#### Exercise
Repeat the records below exactly from the line containing "Sosiaali- ja terveysministeriö" to the line containing "Produktbild von Löffler", taking in both of those lines. Drop the pictures.

#### Material shown
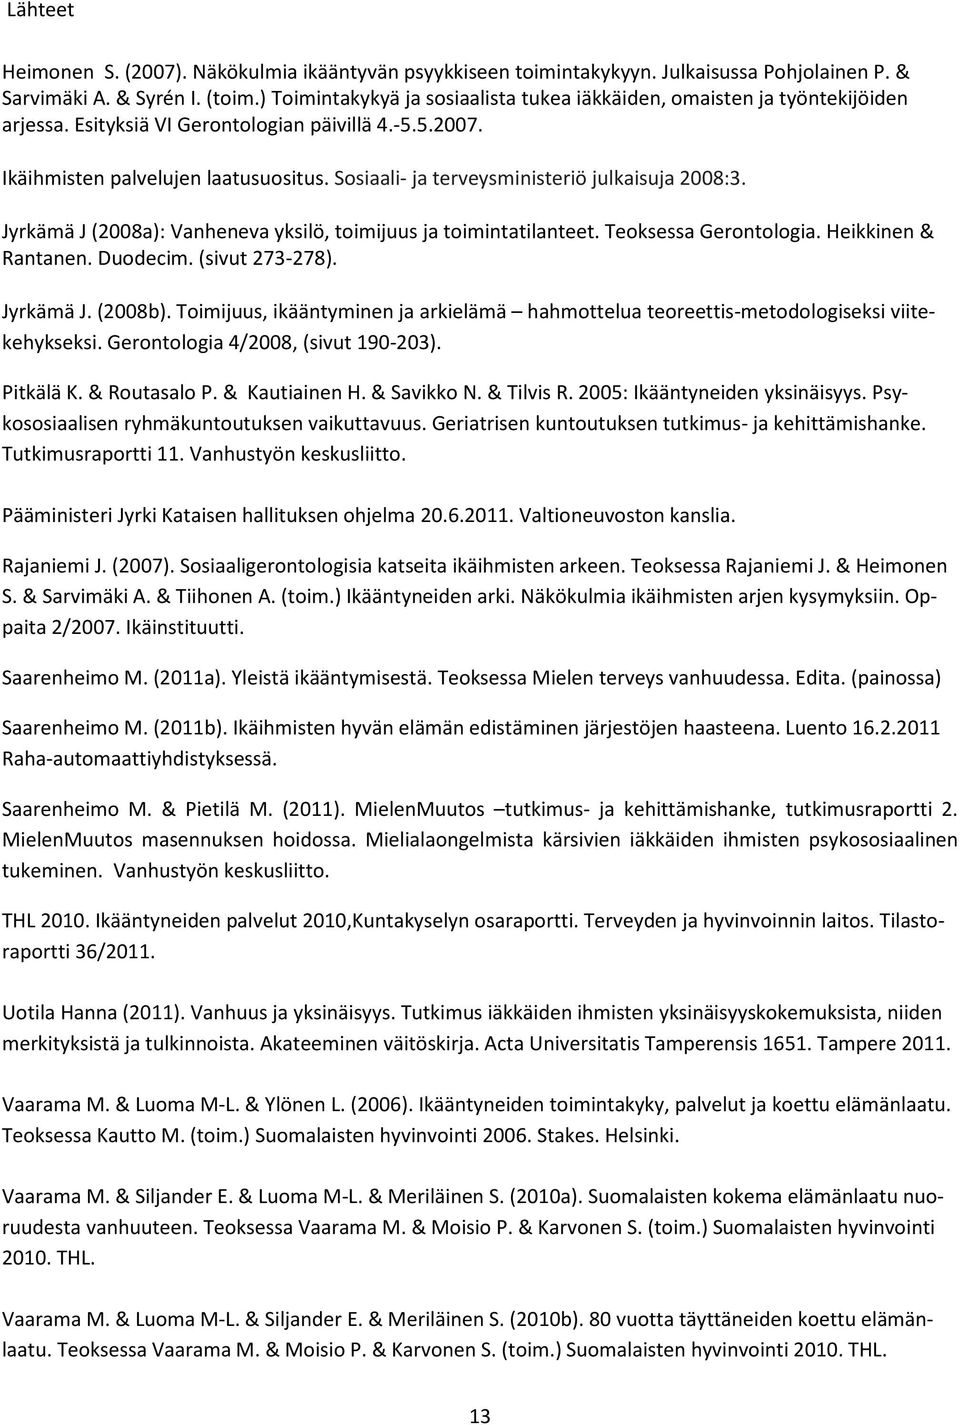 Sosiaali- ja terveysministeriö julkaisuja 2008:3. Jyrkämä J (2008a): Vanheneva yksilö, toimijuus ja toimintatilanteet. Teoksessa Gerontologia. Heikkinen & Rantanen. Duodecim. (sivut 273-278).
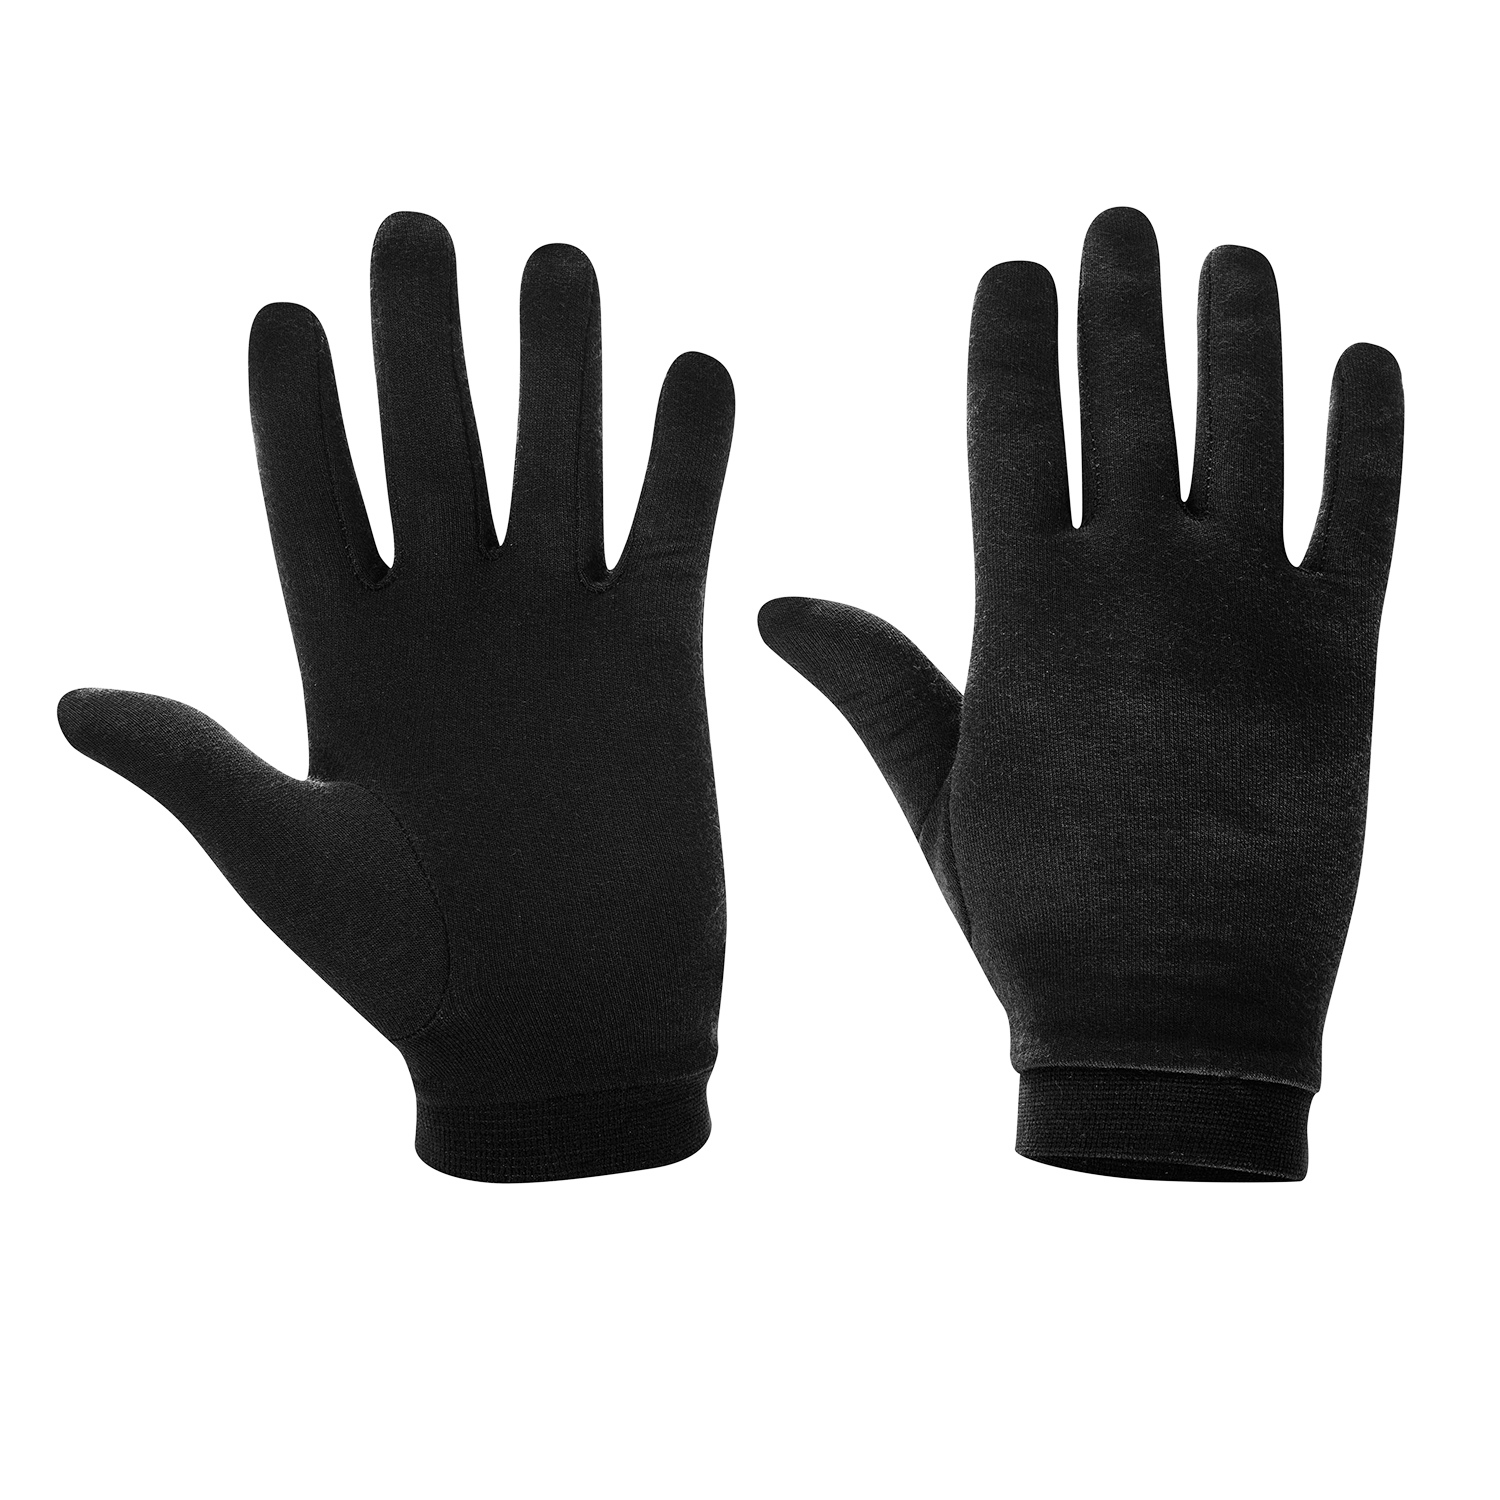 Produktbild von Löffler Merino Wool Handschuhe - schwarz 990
...
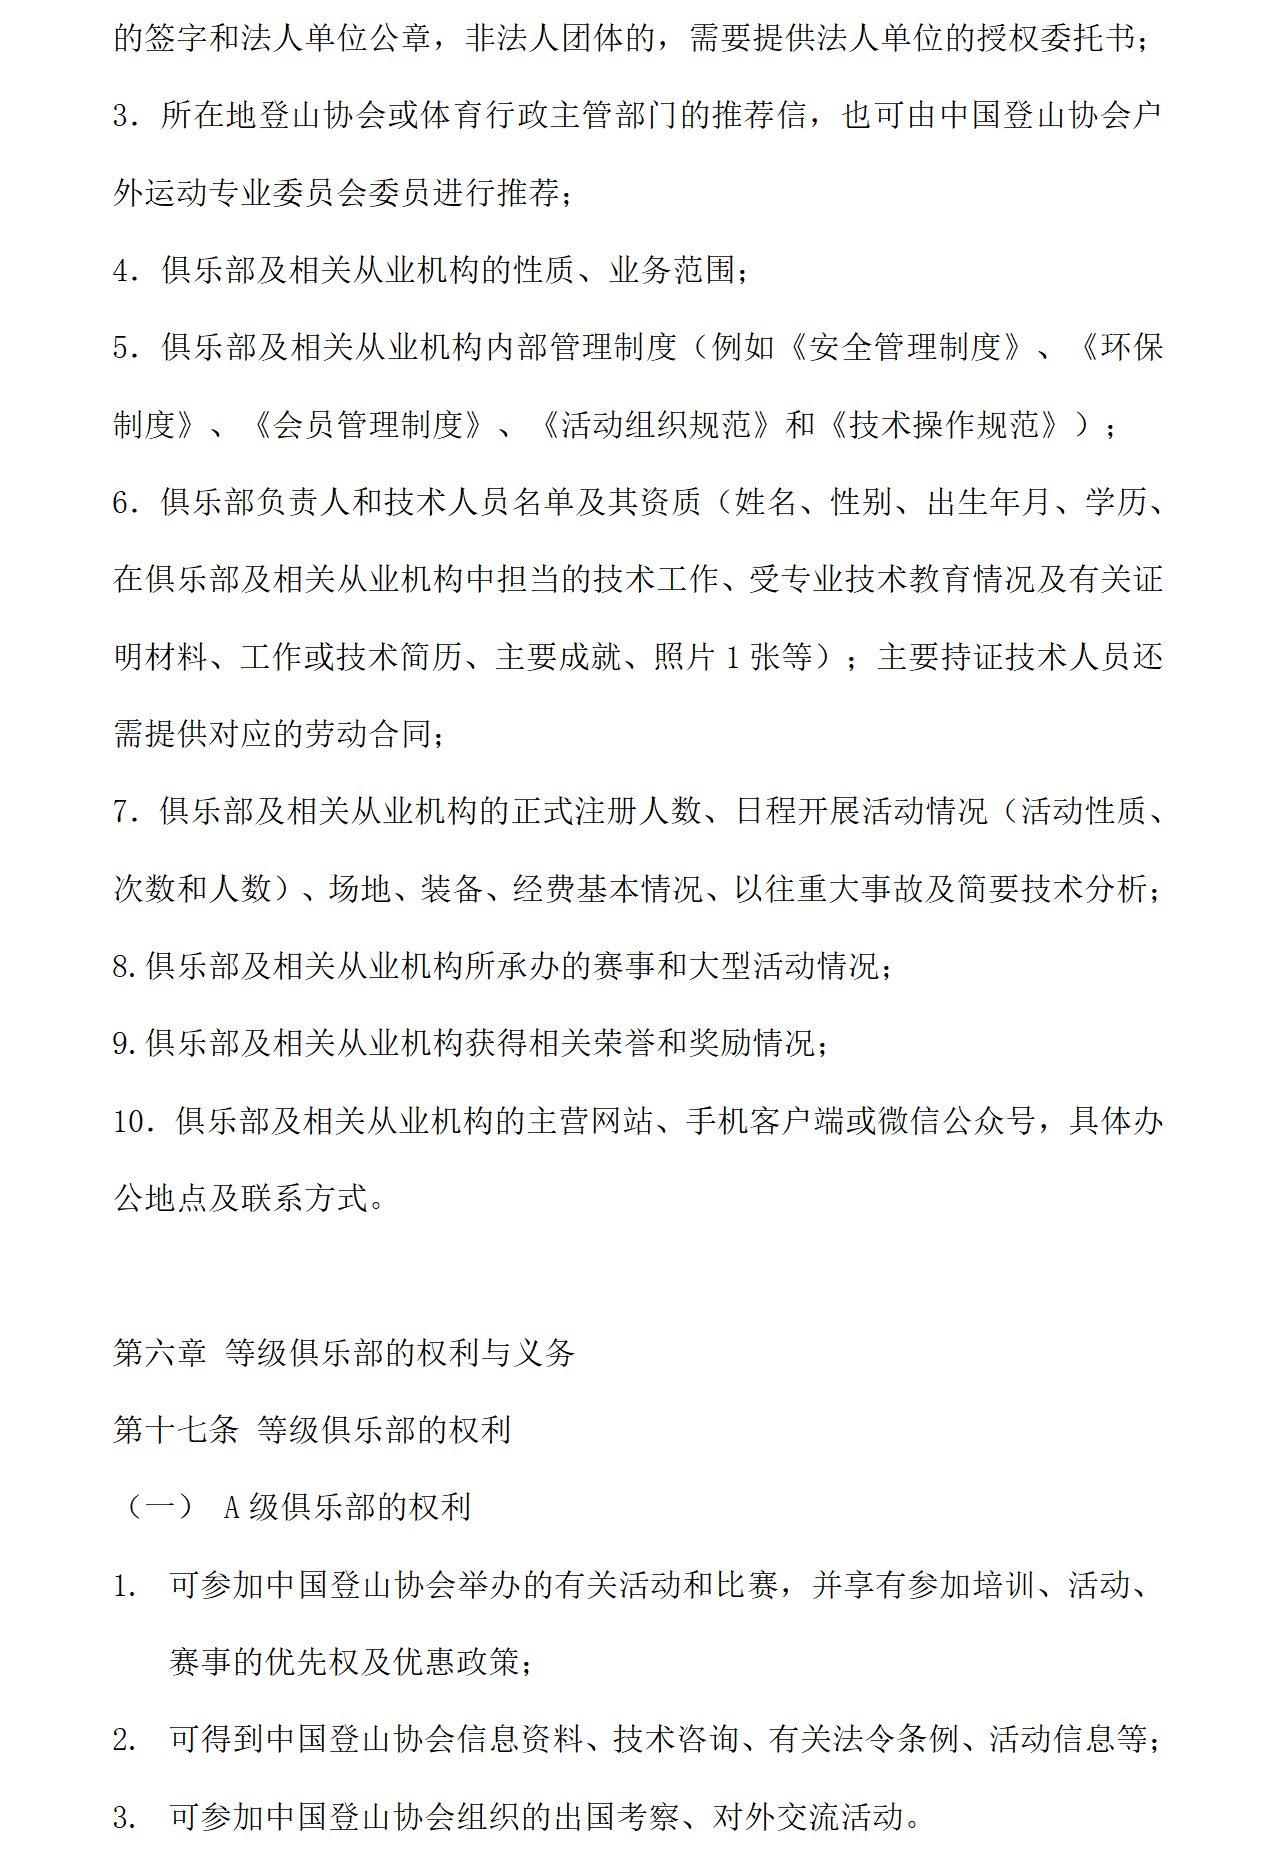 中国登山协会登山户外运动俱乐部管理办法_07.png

#### Completed exercise
 Sosiaali- ja terveysministeriö julkaisuja 2008:3. Jyrkämä J (2008a): Vanheneva yksilö, toimijuus ja toimintatilanteet. Teoksessa Gerontologia. Heikkinen & Rantanen. Duodecim. (sivut 273-278).
 Produktbild von Löffler Merino Wool Handschuhe - schwarz 990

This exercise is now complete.